Interpretatie werd dus primair gezien als een persoonlijke ontmoeting met God.

Ondanks de mystiek van de neo-orthodoxie, bleef de rationalistische theologie terrein winnen en en werd in het algemeen de overheersende theologie van “Christelijk Europa.” Vandaag de dag zien we de vruchten ervan in het “Jesus Seminar”, dat verschillende wetenschappelijke speculaties promoot over wat de historische Jezus werkelijk gezegd zou kunnen hebben, in tegenstelling tot wat de evangelie-verslagen aan Hem toeschrijven (evenals andere fantasierijke reconstructies van de “historische Jezus” die je tegenwoordig op de televisie kunt zien). Rationalistische theologie wordt ook onderwezen in veel Protestantse Seminaries in Amerika. De geestelijke wereld wordt naar het rijk van het “noumenale” verwezen, en dat betekent dat het in essentie irrationeel en onkenbaar is…

Fundamentalisme

De Amerikaanse Fundamentalistische beweging ontstond aanvankelijk als een reactie op deze liberale en rationalistische benaderingen.
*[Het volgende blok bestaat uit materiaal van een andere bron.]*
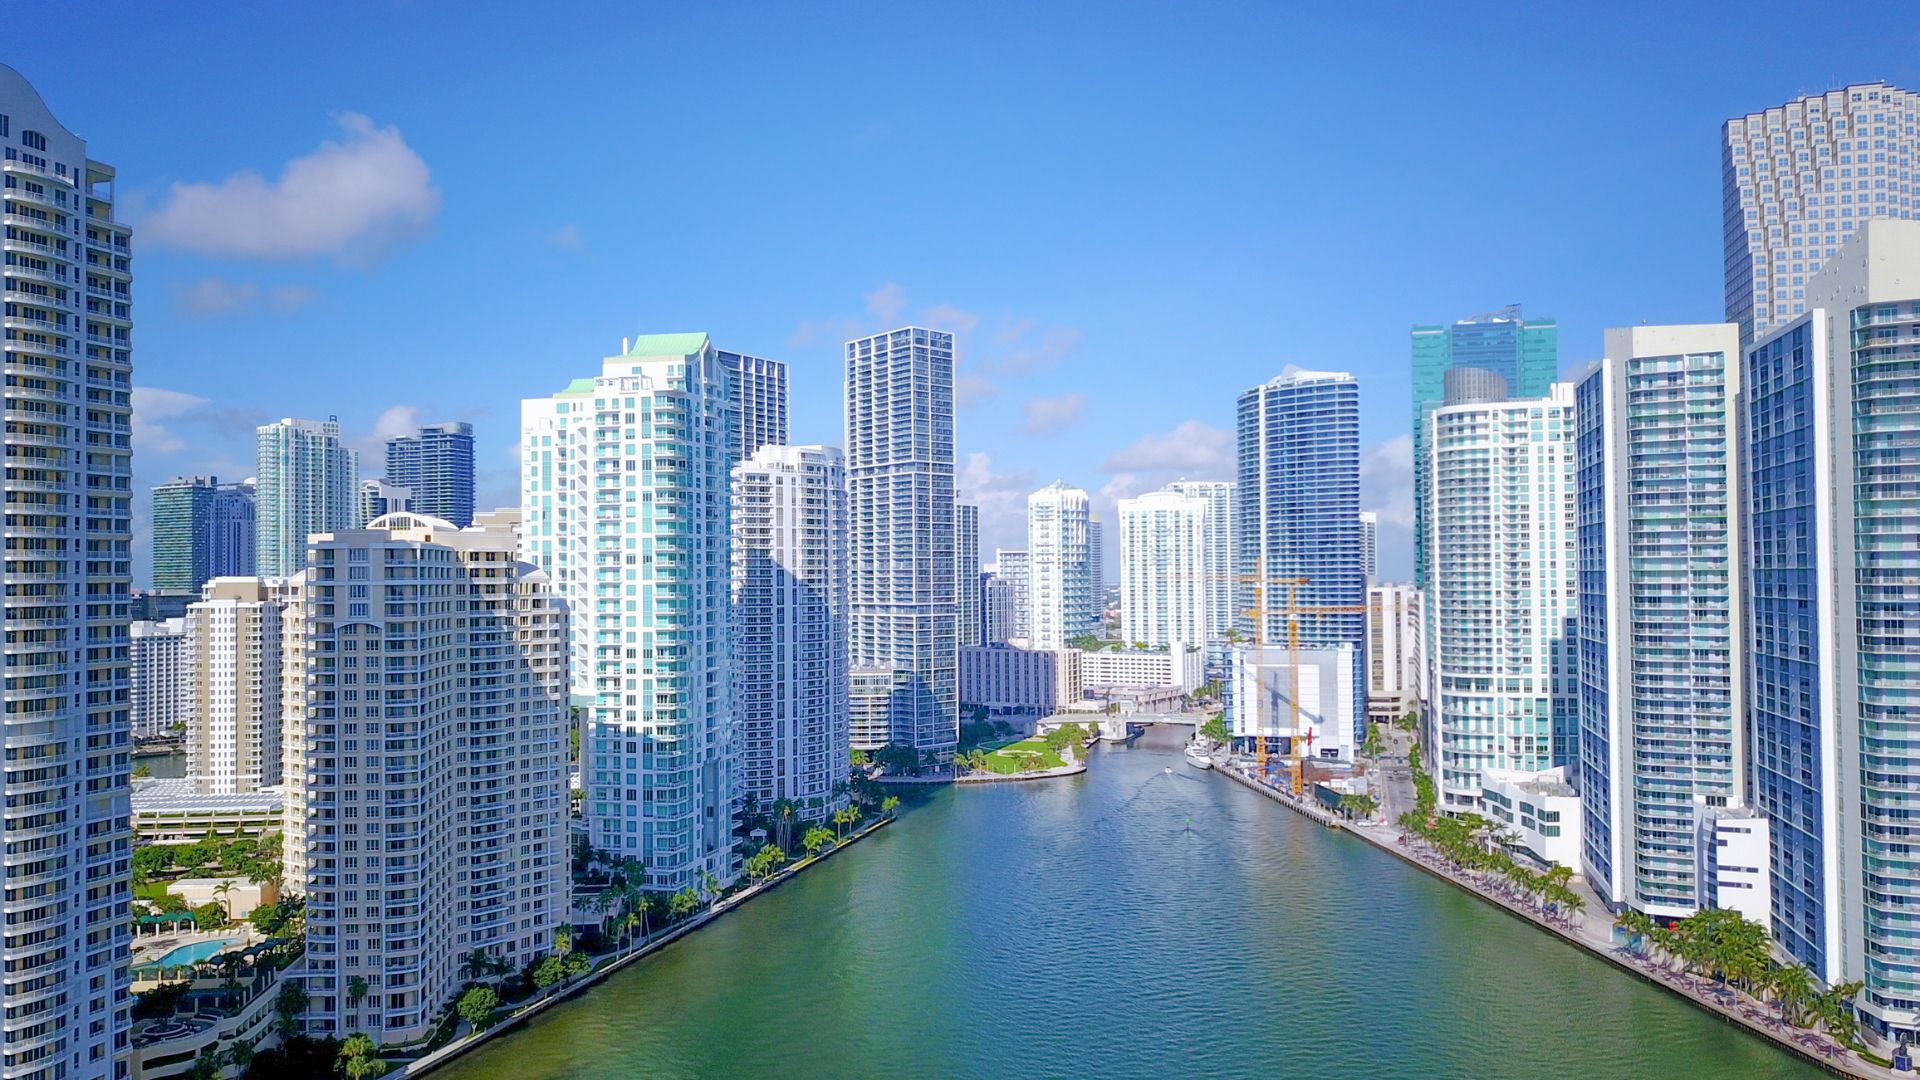 The Best Neighborhoods to Live in Miami
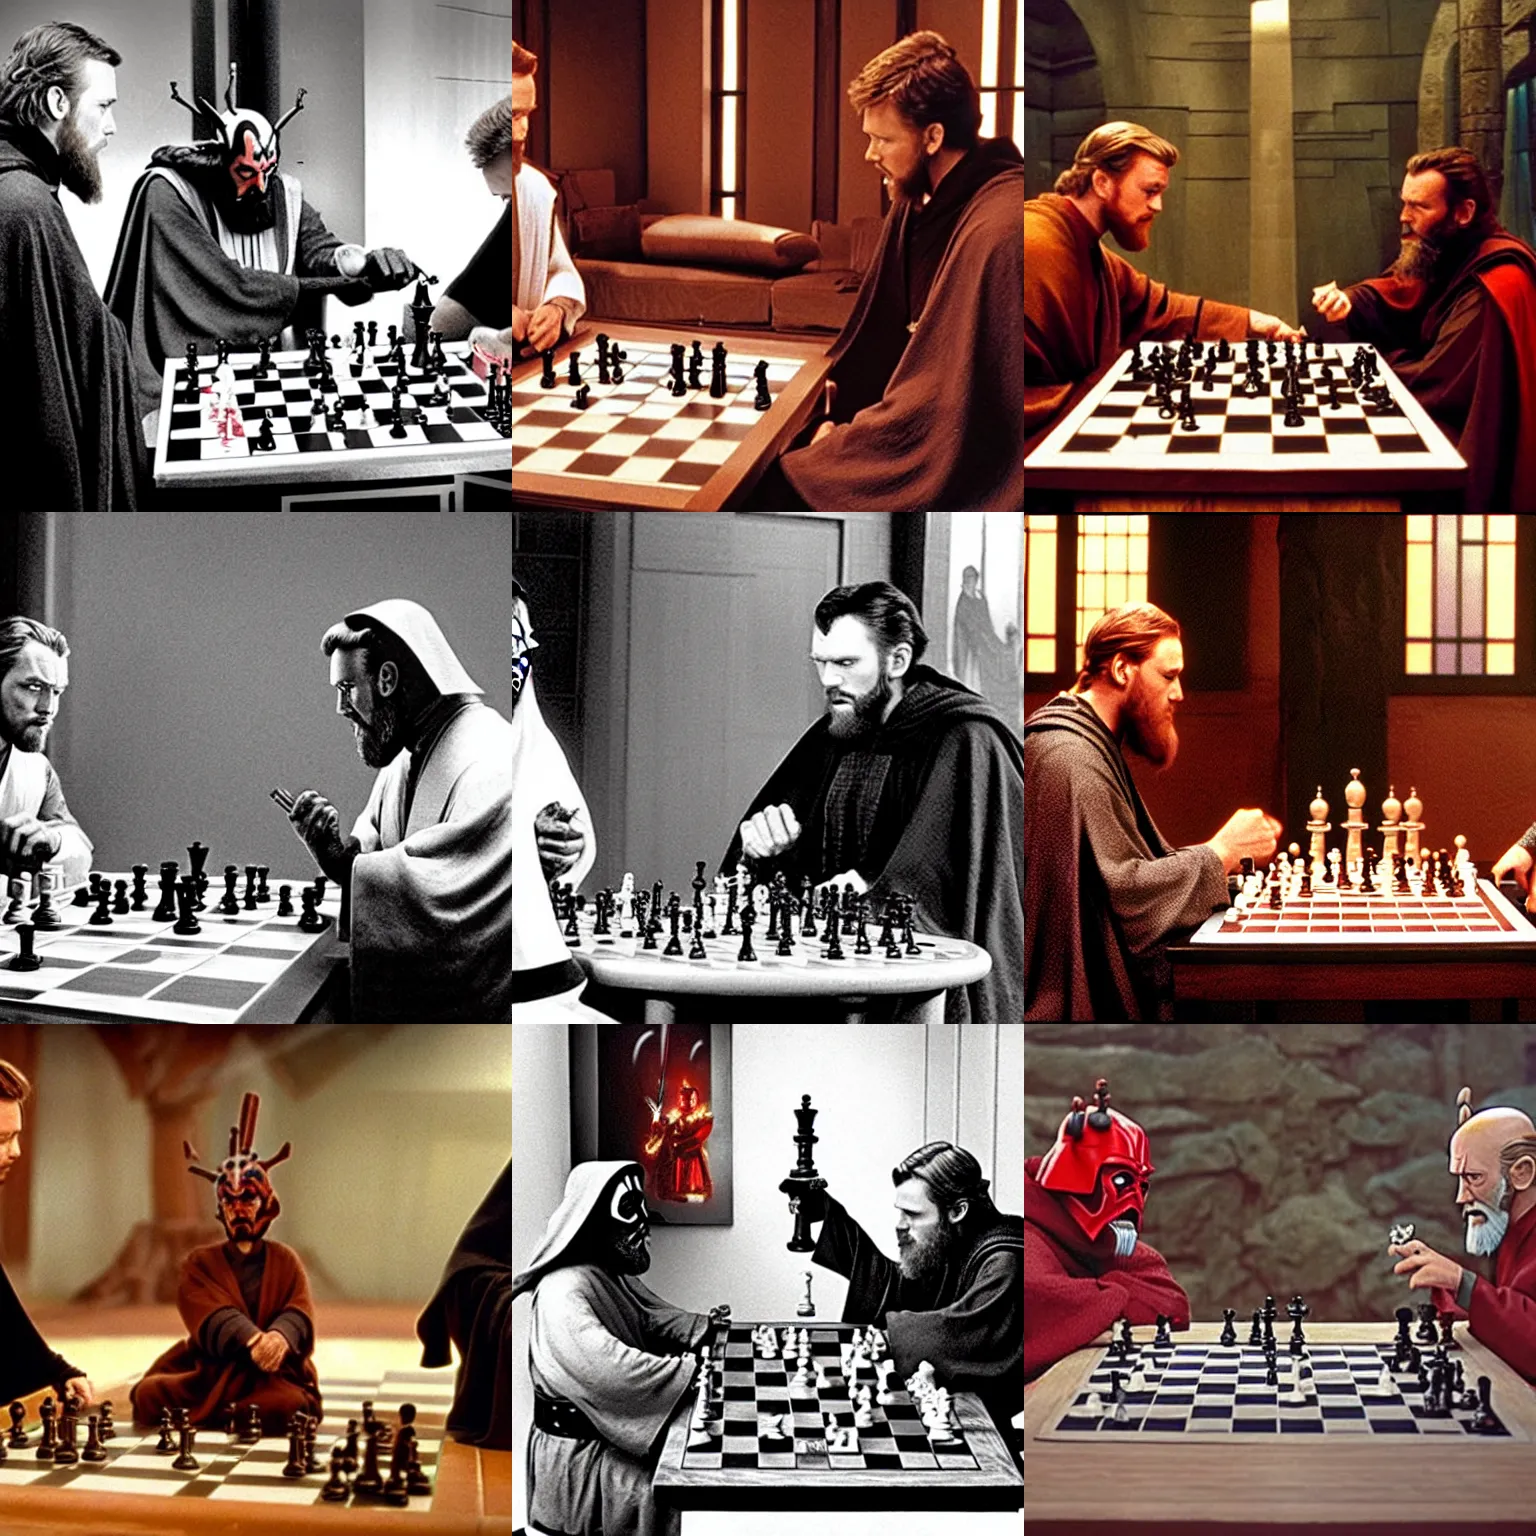 Prompt: obi - wan kenobi and darth maul playing chess, movie still

Oorspronkelijk een beweging van Princeton Seminary door het werk van John Gresham Machen (1881-1937), beweerde het Fundamentalisme

  1. de volledige autoriteit en goddelijke inspiratie van de Schriften (d.w.z. de verwerping van rationalistische reconstructies van de Bijbel),
  2. de authenticiteit van wonderen, en
  3. bestreed het idee dat christelijke spiritualiteit moet worden naar het duistere rijk van het “noumenale” moet worden verwezen.

Toen dit standpunt aan populariteit won, begonnen meer en meer mensen  de Schriften zelf te lezen. Met behulp van gezond verstand werd het idee van het allegoriseren van de Schriften en het extrapoleren van de betekenis op basis van de “geest van de tijd in twijfel getrokken. Het consequent lezen van de Schriften volgens de “grammaticaal-historische” methode leidde uiteindelijk tot  het klassieke “Dispensationalisme” en het onderscheid tussen het Joodse volk (opgevat als etnisch Israël) en de Kerk. Deze hermeneutische benadering werd min of meer geïnstitutionaliseerd door C.I. Scofield (1843-1921) en werd later gecodificeerd door Lewis Sperry Chafer (1871-1952), de eerste president van Dallas Theological Seminary.

Postmodernisme

Na de Tweede Wereldoorlog “haalde” de Amerikaanse cultuur de rest van Europa in en kwam in de postmoderne periode van wanhoop. De filosofie van Kant had geleid tot het irrationalisme van Hegel en Nietzsche — wat uiteindelijk leidde tot de ingestorte puinhopen van het Duitse nationalisme. Toen de dreiging van van het moderne rationalisme blijkbaar afnam, begon ook de reactionaire kracht van de “Fundamentalistische beweging” af te nemen. Na verloop van tijd hebben de subtiele compromissen met de grammaticaal-historische methode van interpretatie, het liberale denken van de oudere protestantse theologie weer doen opleven. De daaropvolgende “Evangelische beweging” creëerde een buffet-stijl van theologische expressie onder haar kerkleiders en leraren, variërend van charismatisch irrationalisme tot de aanvaarding van een hoogliturgische eredienst en zelfs sacredotalisme. Deze verwarring leidde tot de ontwikkeling van de “Emergent Church” beweging die beweerde dat elke vorm van traditioneel christendom achterhaald was. Een postmoderne “ideologische hermeneutiek” ontstond, die erop stond dat de Schriften slechts “gelezen” werden om een bepaalde agenda of verhaal te rechtvaardigen (d.w.z., er is geen “juiste interpretatie” meer). Deze klassiek postmoderne benadering is “gericht op de lezer” omdat het beweert dat de oorspronkelijke betekenis van de schrijvers van de Schrift in wezen onkenbaar is.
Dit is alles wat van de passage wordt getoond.